Discoveries of superfluid phases in 3He, high Tc superconductors, graphene and topological insulators have brought into focus materials where quasiparticles are described by same Dirac equation that governs behaviour of relativistic particles. This class of materials – Dirac materials – exhibits unusual universal features seen in numerous realizations: Klein tunnelling, chiral symmetries and impurity resonances. We have explored these similarities and discuss the unique role of symmetries that protect the Dirac spectrum. We investigated the symmetries of Dirac materials, quantum imaging, and means to control their properties. We have also used modern tools to design artificial Dirac Materials. For example one can design Bosonic Dirac materials that host bosonic Dirac excitations, something that would not be possible in particle physics.
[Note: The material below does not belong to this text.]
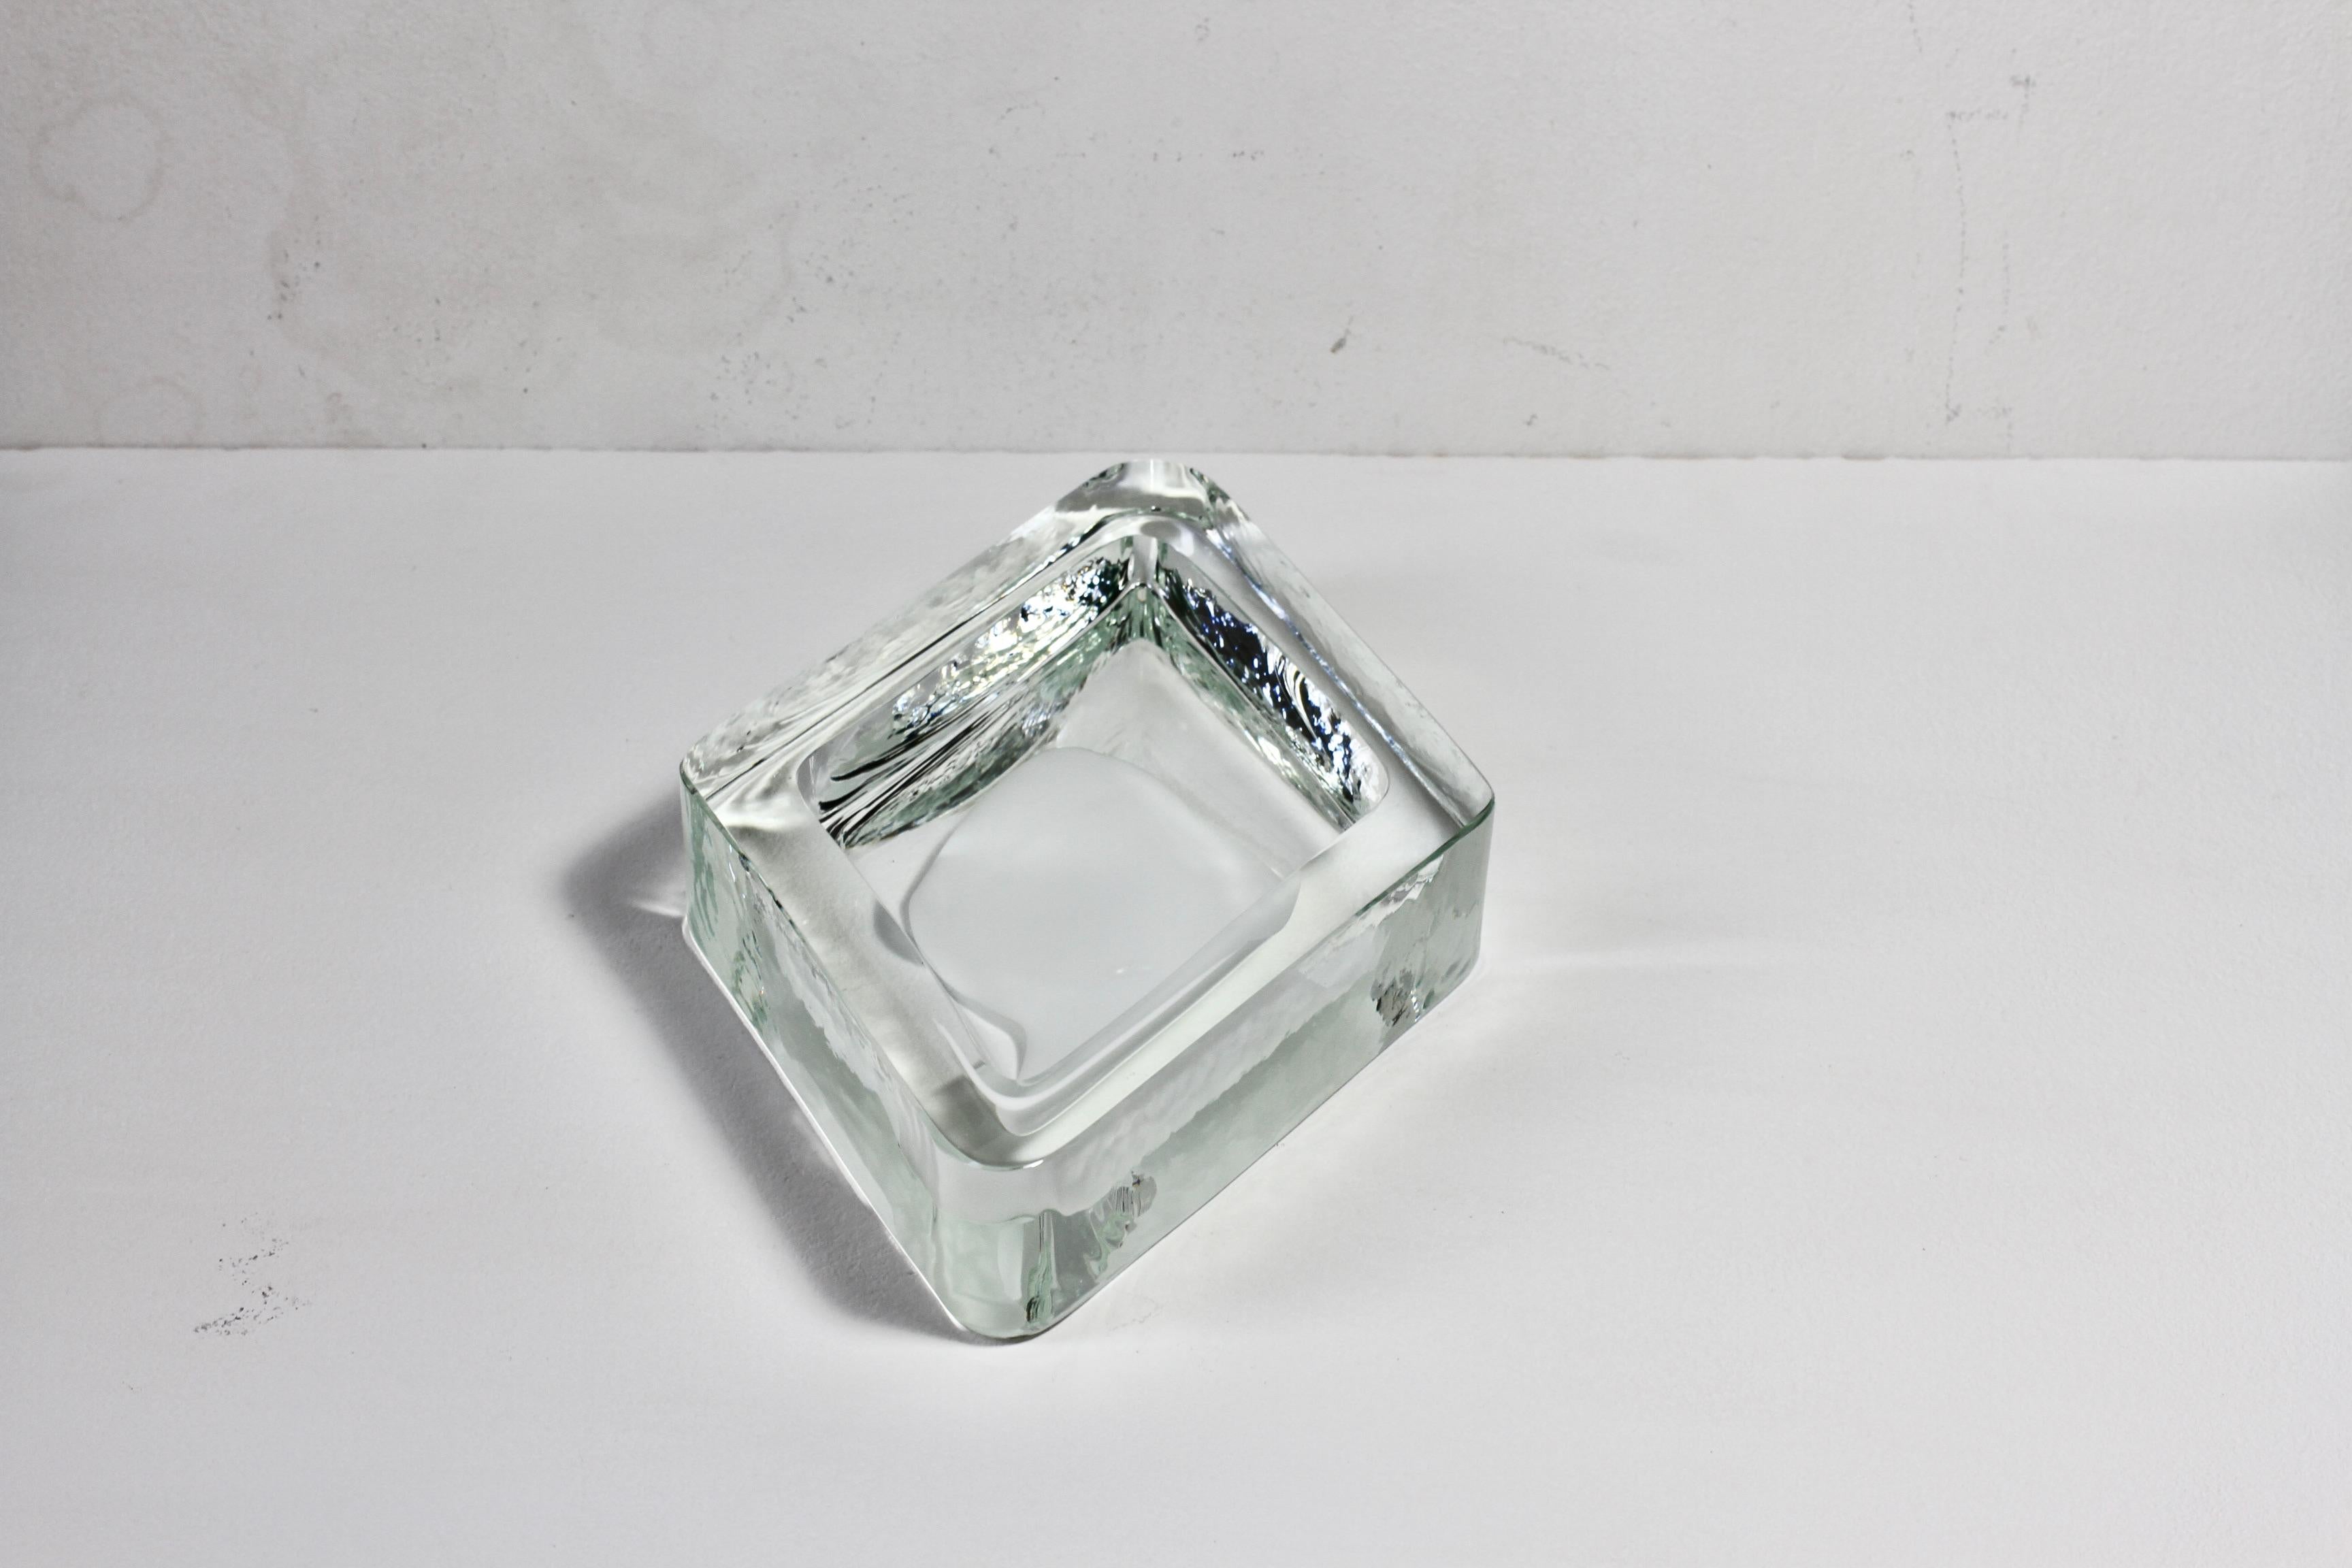 Huge Cenedese Italian Rhombus White and Clear Murano Glass Bowl, Dish, Ashtray For Sale 5

Research falls into several areas:
Pumped Dirac Materials: Recent pump-probe experiments demonstrate the possibility that Dirac materials may be driven into transient excited states describable by two chemical potentials, one for the electrons and one for the holes. Given the Dirac nature of the spectrum, such an inverted population allows the optical tunability of the density of states of the electrons and holes, effectively offering control of the strength of the Coulomb interaction.
We proposed to use the sensitivity of nodes in the electron spectrum of Dirac materials to induce controlled modifications of the Dirac points/lines via band structure engineering in artificial structures and via inelastic scattering processes with controlled doping. Results will expand our theoretical understanding and guide design of materials and engineered geometries that allow tunable energy profiles of Dirac carriers.
We have further developed the ideas of Dirac Materials and nontrivial properties they exhibit. We have primarily focused on local properties and transport.